Bazen doğru rengi yansıtmak için doğru ışığın bize yönelmesi gerekir, Işık, renkler ve yansıma doğru kelimeler. Siz herkesçe yanlışlığı kabul edilmişin içerisindeyken, biri gelir, size ışık olur ve siz tüm doğruluğunuzla kalkarsınız düştüğünüz yerden. Mesele düşmemek değil, mesele kalkabilmek der bu kitap. Mesele düştüğün yerdeki taşları görmek, en değerlisi en derinindedir belki de.
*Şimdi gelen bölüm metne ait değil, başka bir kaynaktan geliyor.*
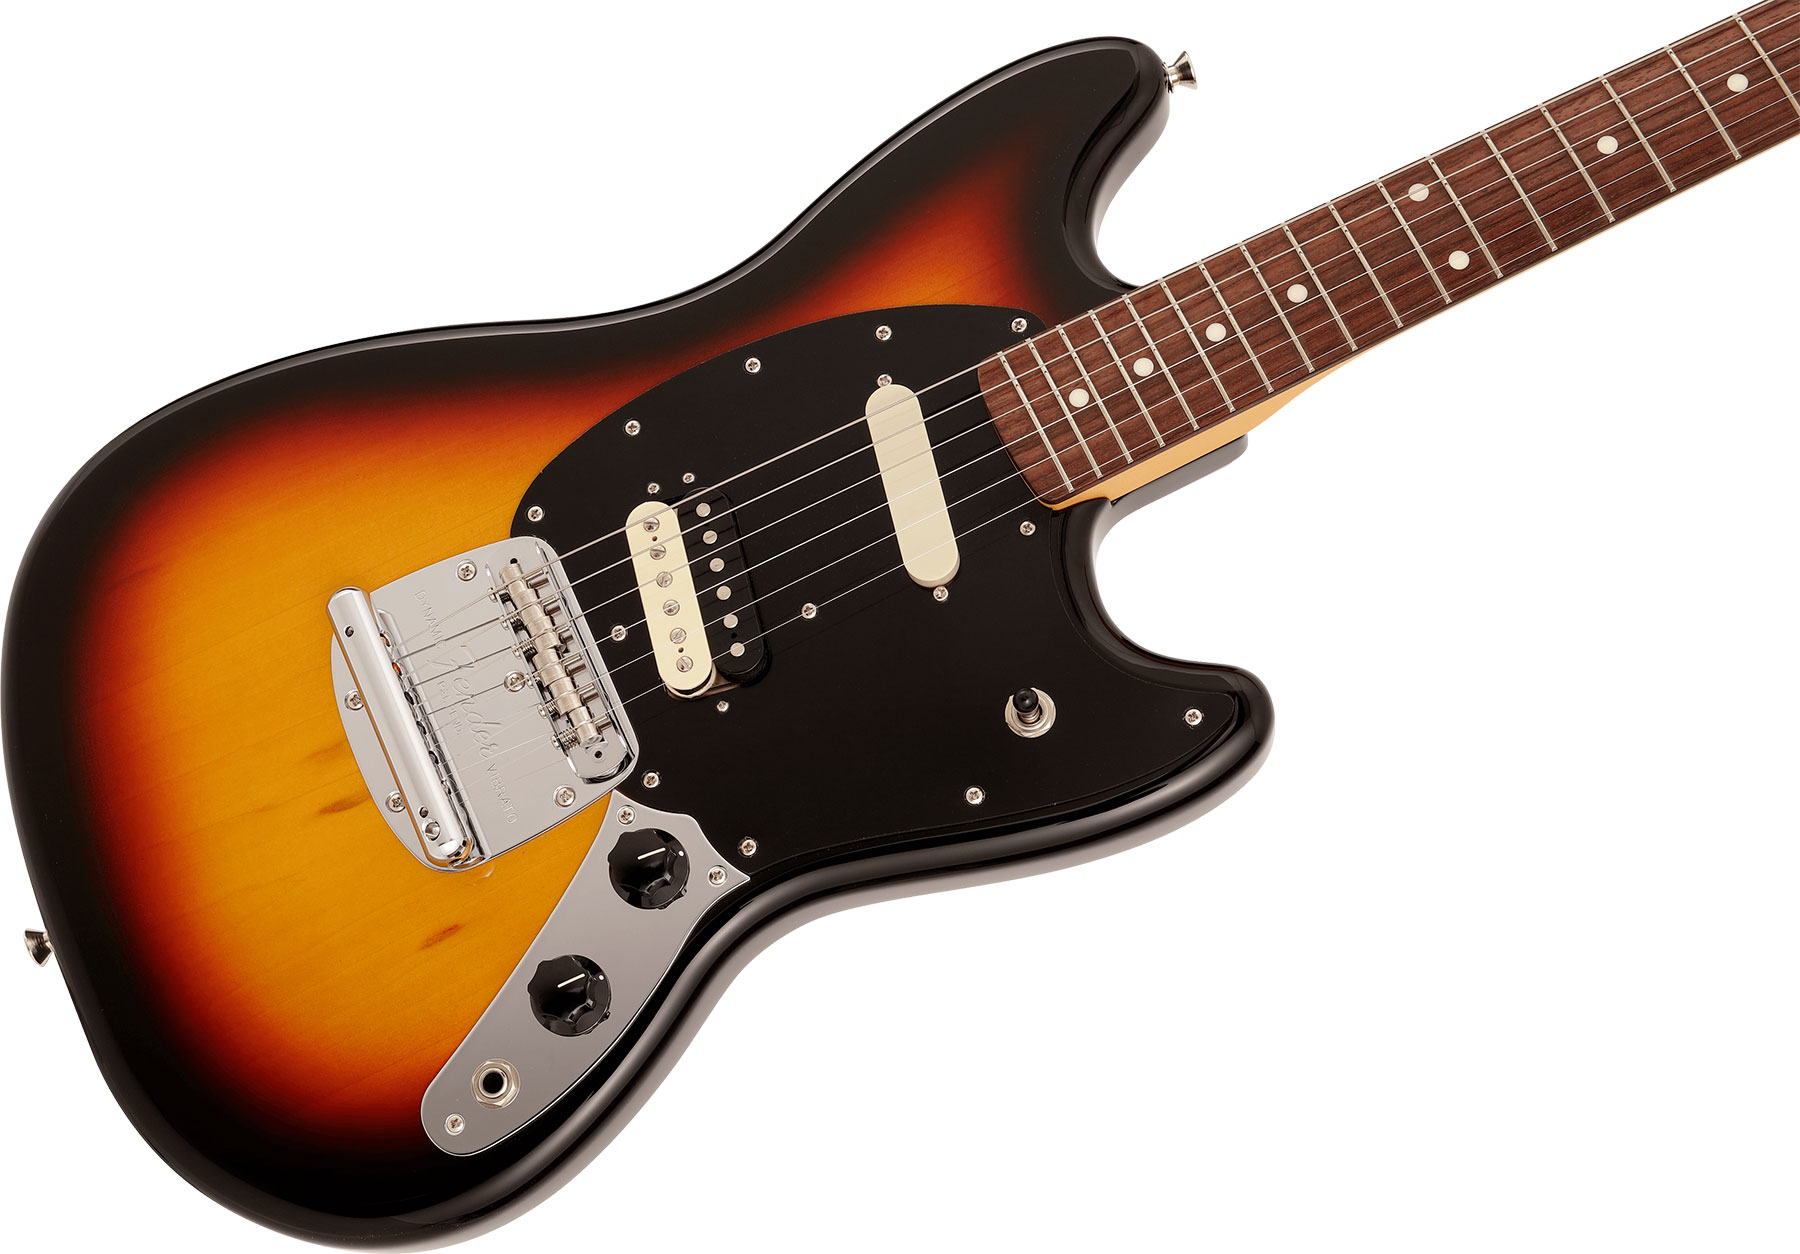 Fender Mustang Reverse Headstock Traditional Ltd Jap Hs Trem Rw - 3-color Sunburst - E-Gitarre in Str-Form - Variation 2

Denizin ve senin batman gerekiyordur ya ona ulaşmak için. İşte batarken kendinde olmalısın ki onu gördüğünde fark edebilesin. Ve ne olursa olsun ama her ne olursa, yaşadığını hissedebilmelisin doğrusuyla yanlışıyla. Yaşayan ölülerin arasındaki ölürcesine yaşayanlara yazılmış bir kitaptır bu.
“Bir tebeşir var. Tebeşirin kimin elinde olduğu önemli değil. Ama tebeşiri tutan, senin hareket alanının sınırlarını çizecek güce sahip. Sınırların içinde her şeye izin var. Dışındaysa her şey yasak. Sınırlar dışına çıkamazsan yaşayamazsın, Bunu böyle bil.
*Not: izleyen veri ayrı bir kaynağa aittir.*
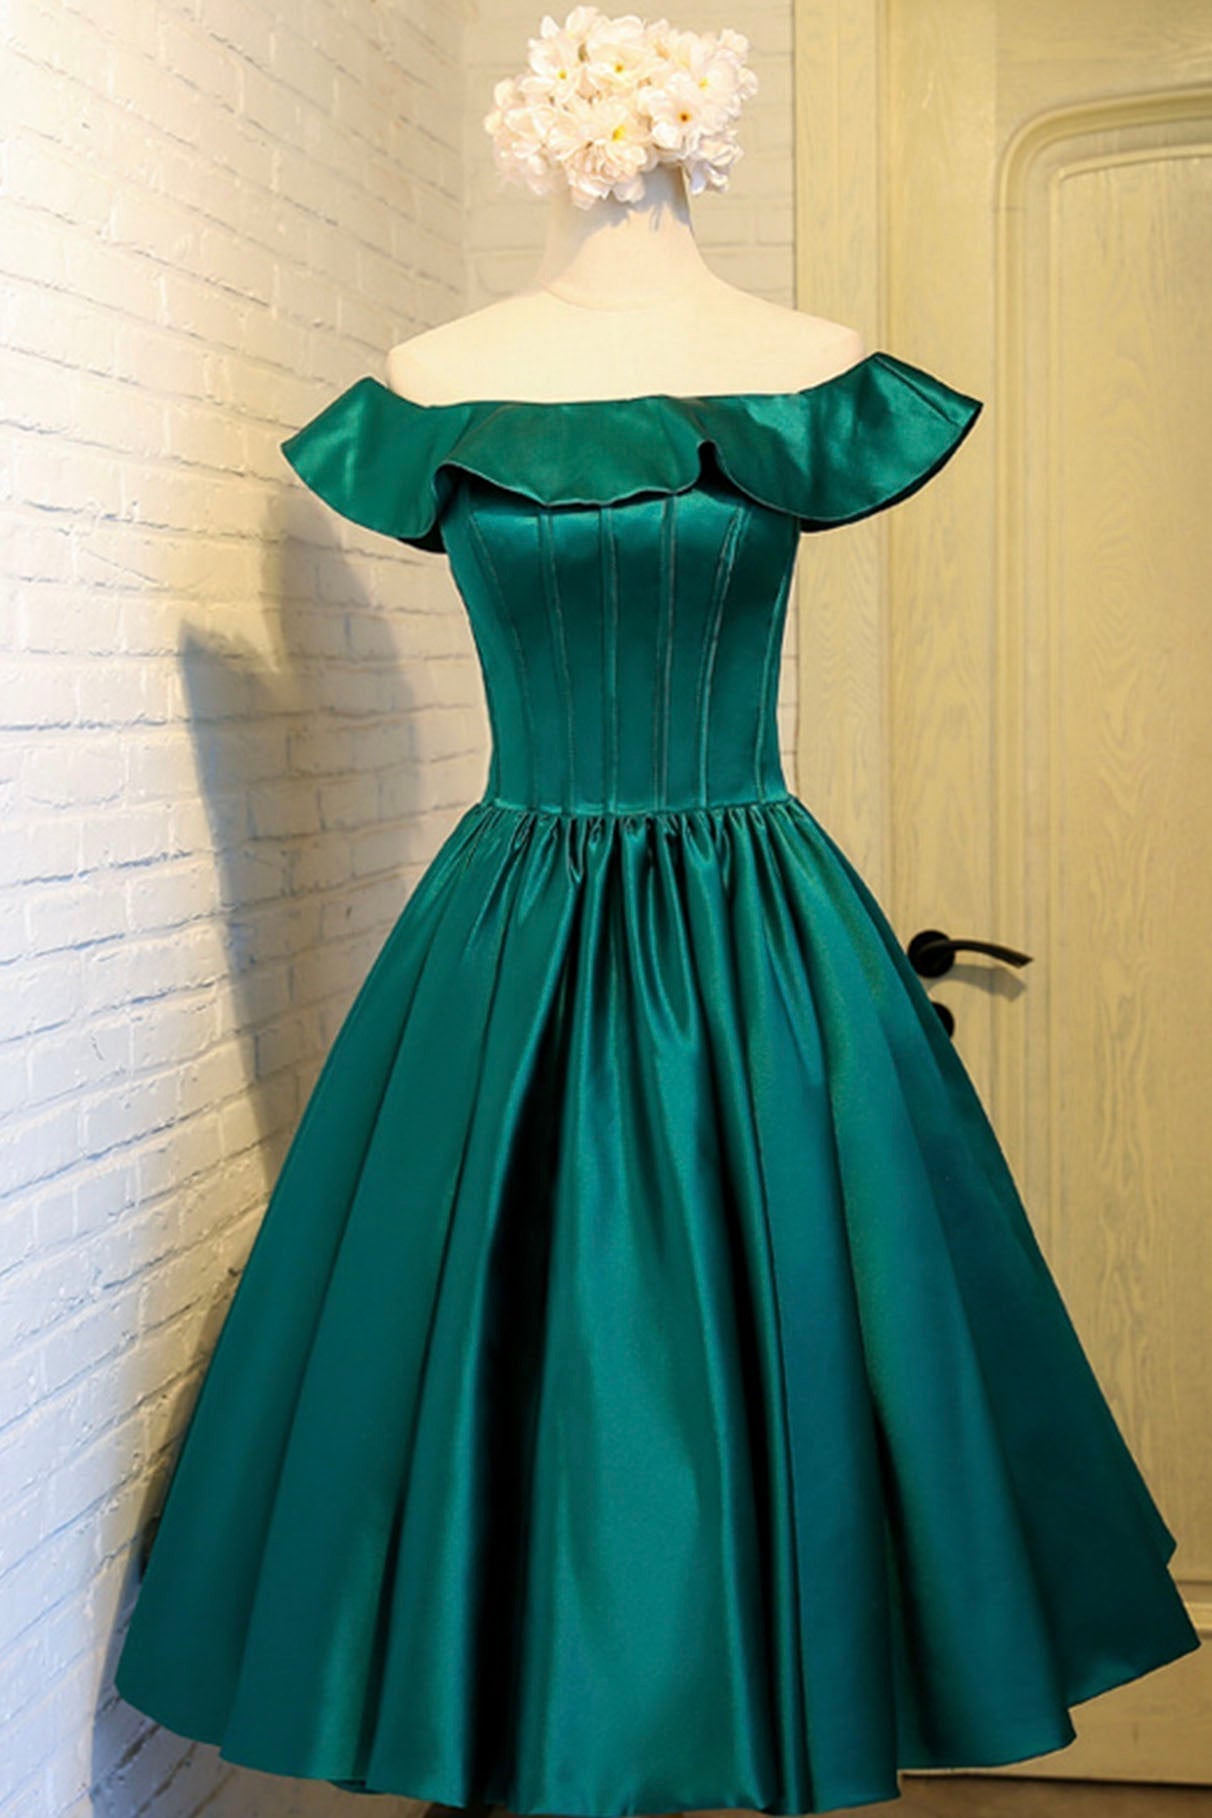 Braids, Cute Satin Short Prom Dress, Green A-Line Homecoming Dress

“Eğer her şeyi mantıkla çözersek, o zaman kanatlarımızdan da, çılgınlıklarımızdan da, dostluklarımızdan da vazgeçmeliyiz”
“Bir çok değil, sadece tek bir hayatım var.”
“Neden hayatın bir anlamı olsun ki? Anlama ne gerek var? Hiç bir anlamı yok. Olur da hayata bir anlam verirsen doğallığı öldürüp anlam içinde hapsolursun. Bir anlam aramaktan, anlamdan konuşanları duymaktan bıktım. ha siktir!”
“Devam et bakalım. Hayatında bir kere olsun bir bahane bulmaya çalışma, bu ana önceden hazırlanma, bu anı mahvetme. Cetvel ve hesapları bir kenara bırakıp, kendine doğru git. Aptal!”
“Benim günahıma okuduğum kitaplar girdi. bunu böyle düşün. beni baştan çıkardılar, günahıma girdiler.”
“Sefil düşünceler ve küçüklükler arasında kaybolup, hayattaki büyük sırrı çözemedik, soru da cevapsız ve acımasız kalakaldı. Nasıl yaşadın, neden öyle yaşadın, neyi yapabilecekken yapmadın, başka bir yol, başka bir anlam arıyordun, yanlış zilleri, yanlış kapıları çaldın, yanlış yollara saptın yanlış insanları sevdin, yanlış yataklarda uyudun, yanlış evlerde yaşadın. Neden hayal ettiklerini, düşündüklerini bu kadar küçümsüyorsun?”
İşte bu kitap da Luis’in bahsettiği gibi okuyucunun günahına girebilecek kitaplardan.